In the code as written O(N) threads are working on the reduction. One could have O(N^2) threads working on it when running with an N x N thread block. That might not be optimal either as it limits us to a single thread block per multi-process for 32 x 32 matrices. But some intermediate scheme (for example, a 2 x N thread block where during reduction, odd and even rows are handled by different threads) might work well. The goal is to increase occupancy to where we can be sure that latencies are covered.

I was thinking along the lines of Vasily Volkov’s presentation Better Performance at Lower Occupancy. But I’m not sure the scoreboarding is fine-grained enough so the latencies of the reduction operations can be hidden with just a single warp per block. Of course this uncertainty can easily be overcome by turning the instruction-level parallelism into thread-level parallelism to make it explicit.

I will readily agree that occupancy is not always strongly correlated with performance. However an occupancy below 0.333 on Fermi is unlikely to result in the best performance, and in this code the occupancy is only 0.166 at N=32. What exacerbates the problem here is that fewer and fewer threads actively participate as we loop over “n”.

Which approach works best will depend on the specific properties of the problem to be solved. The following questions will likely inform the choice of algorithm and the mapping of work on the GPU: What is the size of each matrix? How many matrices are in each batch? Are we solving general systems of linear equations, or are we inverting matrices? If the former, how many RHSs are there typically for a given matrix? Are they all applied at the same time?

I dug out a quick and rough implementation of LU decomposition.

This was able to do 50,000 random 32 by 32 matrices (real only) in 0.129 s on my laptop: GTX460m (mid-end mobile GPU). With good scaling you could expect 3x that performance on a high end desktop GPU such as the GTX 580. Meaning potentially 129/3 ~ 0.043 s.

That would be 0.86 / 0.043 ~ 20x speedup over your CPU implementation.

So I didn’t spend much time on this and I’m in no way assuming that it’s fully optimized.

OK, since this is somewhat similar to something I might want to do in my own code, I’ve tried the different optimizations myself.

With the original code, 50,000 random real 32x32 matrices take 1.41s on the GT 9600m in my laptop.
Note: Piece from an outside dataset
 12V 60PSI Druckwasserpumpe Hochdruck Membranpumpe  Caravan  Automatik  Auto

Simply moving the [font=“Courier New”]if[/font] out of the reduction loop reduces the time to 1.06s. Parallelizing the pivot search further reduces the time to 0.89s. Using two warps during the reduction phase further brings this down to 0.641s, or 0.638s with four warps. Loop unrolling had no effect at all.
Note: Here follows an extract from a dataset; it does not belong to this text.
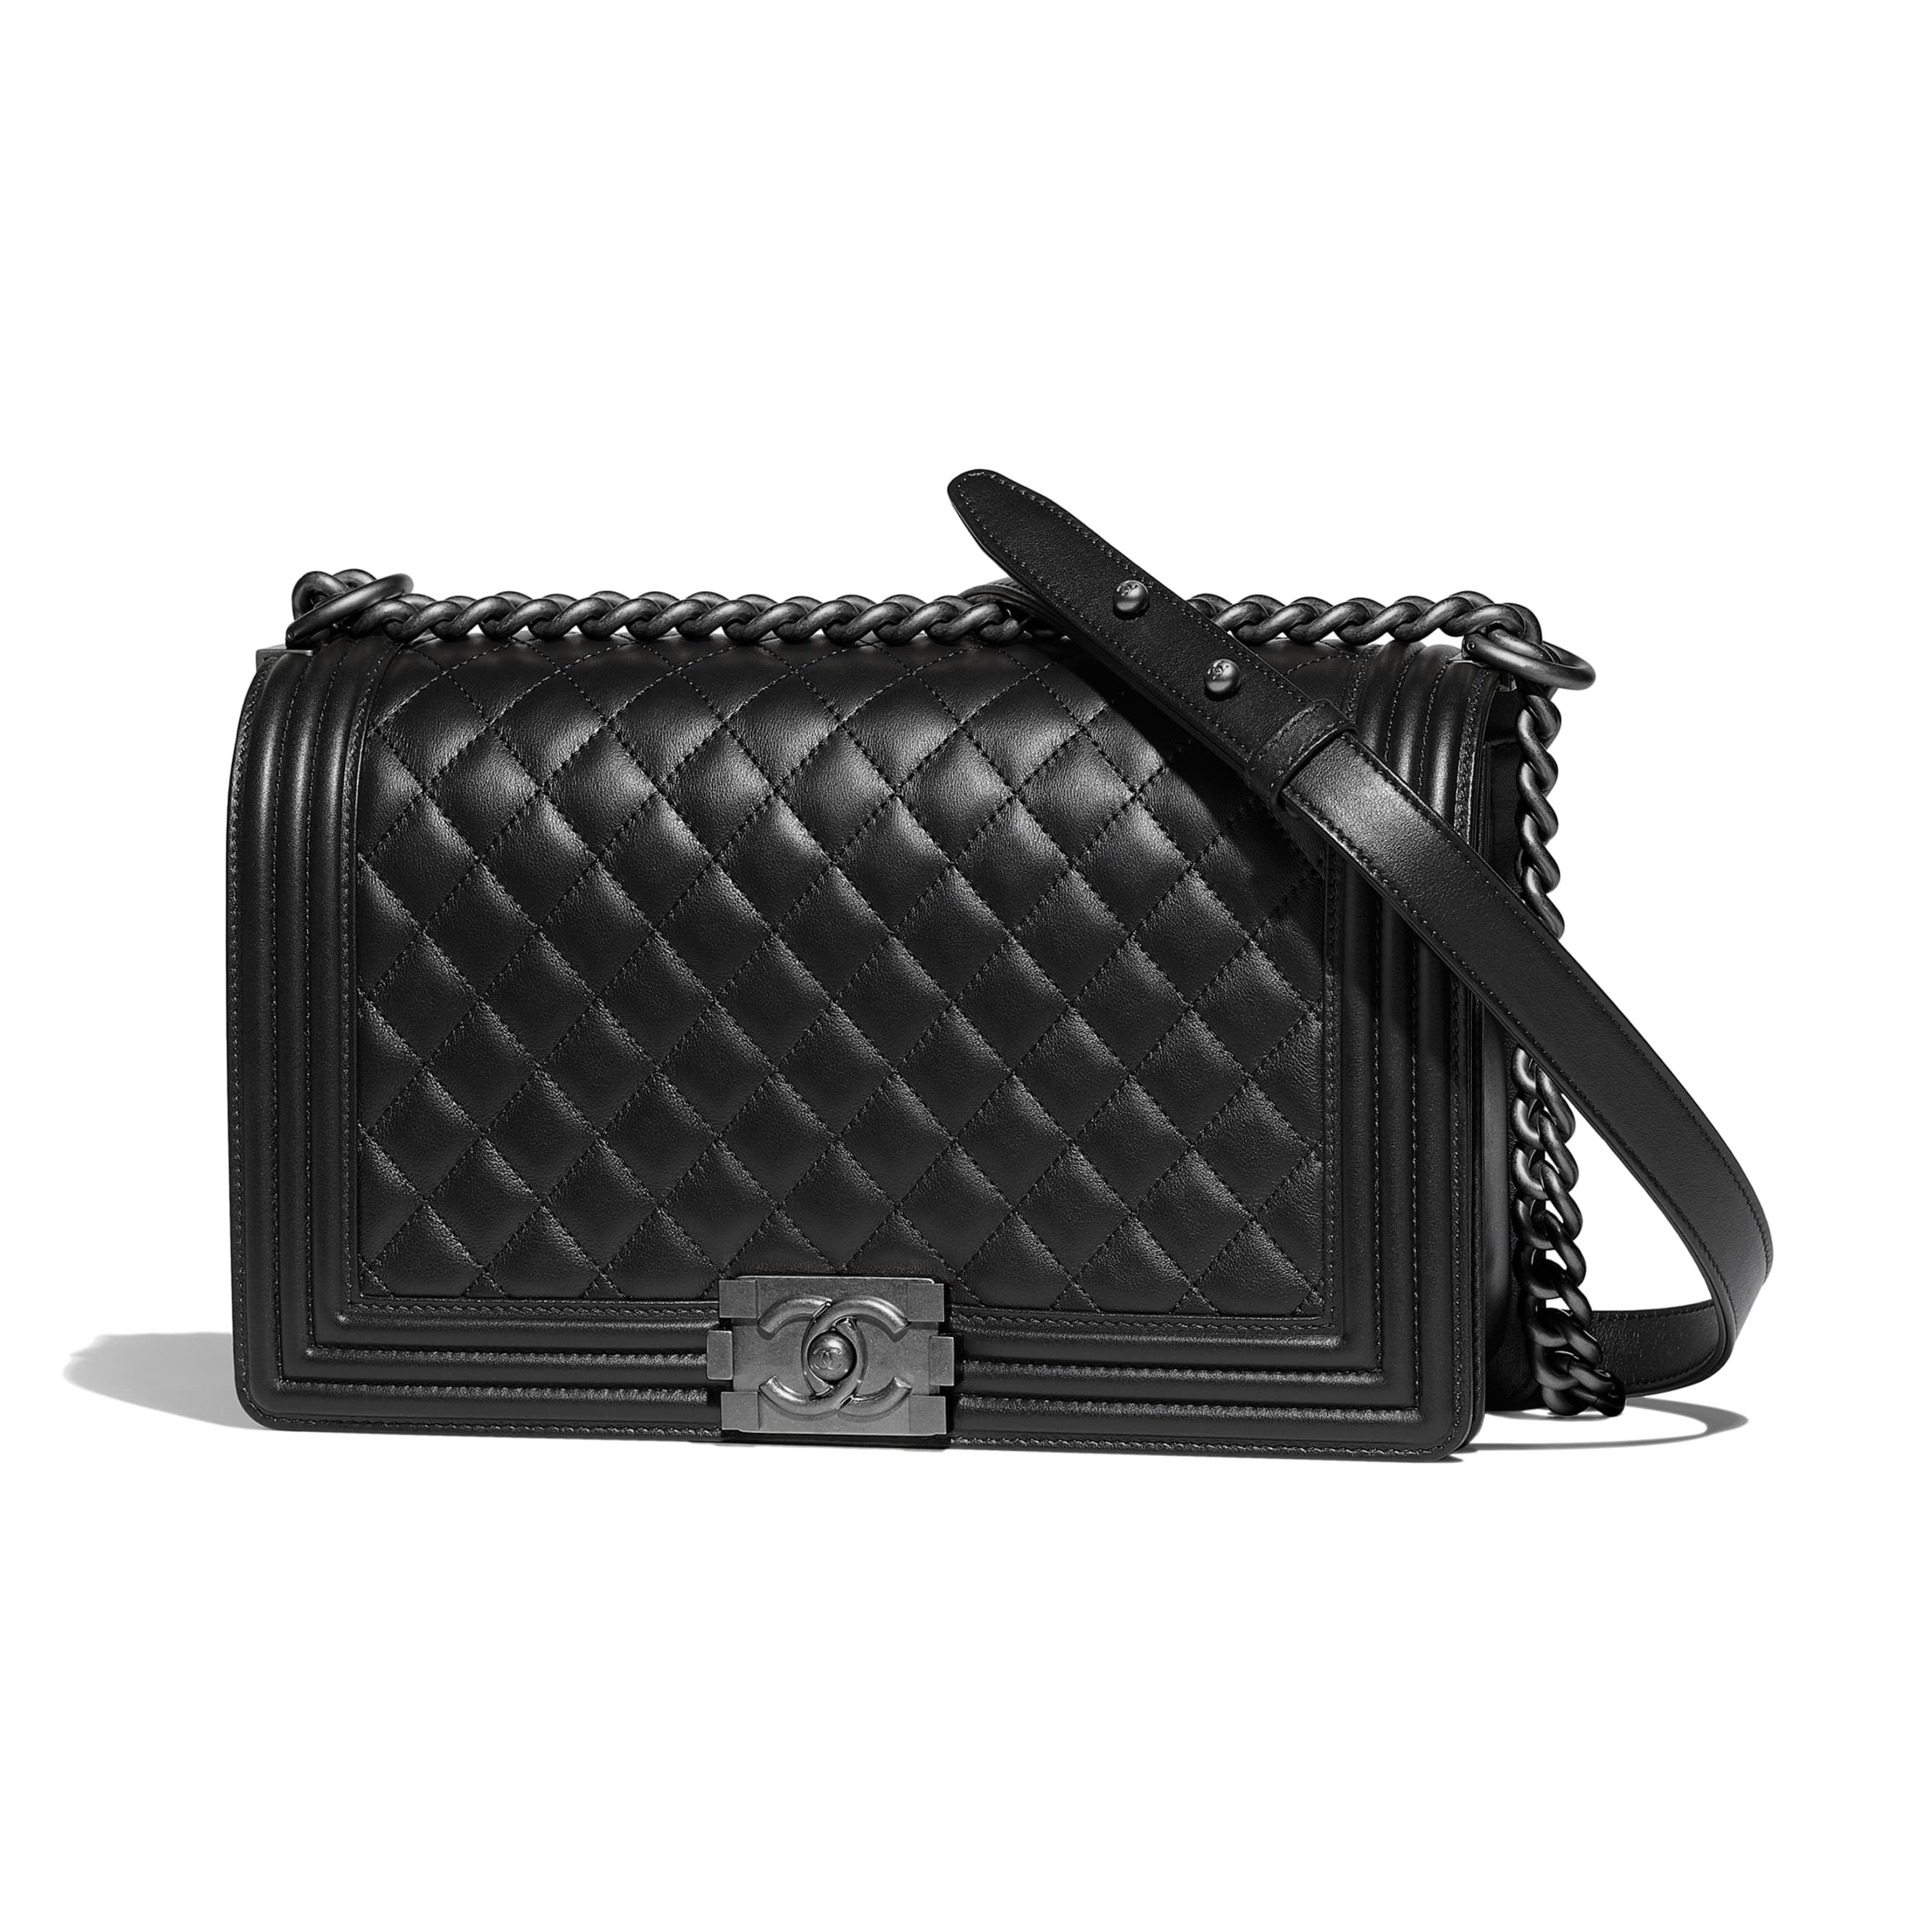 c020f1279a4b7 Large BOY CHANEL Handbag - Black - Calfskin & Ruthenium-Finish Metal -  Default view - see standard sized version

So Norbert was right, the instruction level parallelism isn’t exploited automatically in this case.

Of course the exercise was pretty moot regarding the total possible speedup, as Jimmy had already confirmed my 20x educated guess using his own code. However I was also interested in seeing what each optimization step would gain us.

EDIT: Oh, and eliminating the bank conflicts takes us to 0.574s.

Okay, this is way more feedback than I expected… Thank you everyone for your input, it’s been very helpful.

So kinda slightly off topic, one of the factors in leading me to conclude that GPU vs CPU wasn’t advantageous was that a Tesla C2050/C2050 costs more than a hex-core CPU (and I believe fair comparison requires comparison against all six cores, not just one). But after reading this thread, I looked at the commodity gaming cards, and to my surprise their performance metrics aren’t all that different. Yet a Tesla C2050 cost 5 times the price of a GTX ($2400 vs $580). If I’m not concerned about fast double precision calculations and ECC, why would I ever buy a high-end Tesla or Quadro? (Double precision I’m reasonably certain I could live without; is ECC really that important?)

Tera, could you be persuaded to post your modifications to my original code? I would like to run it on my own system to see if there’s a difference (and I’m sure studying it would be edifying for me personally, as a beginner to CUDA). Since my earlier post, I tried swapping the if and for (1.06s down to 0.91s), parallelizing the pivot search (0.91s down to 0.86s), but using two warps didn’t anything for me (maybe I’m doing it wrong).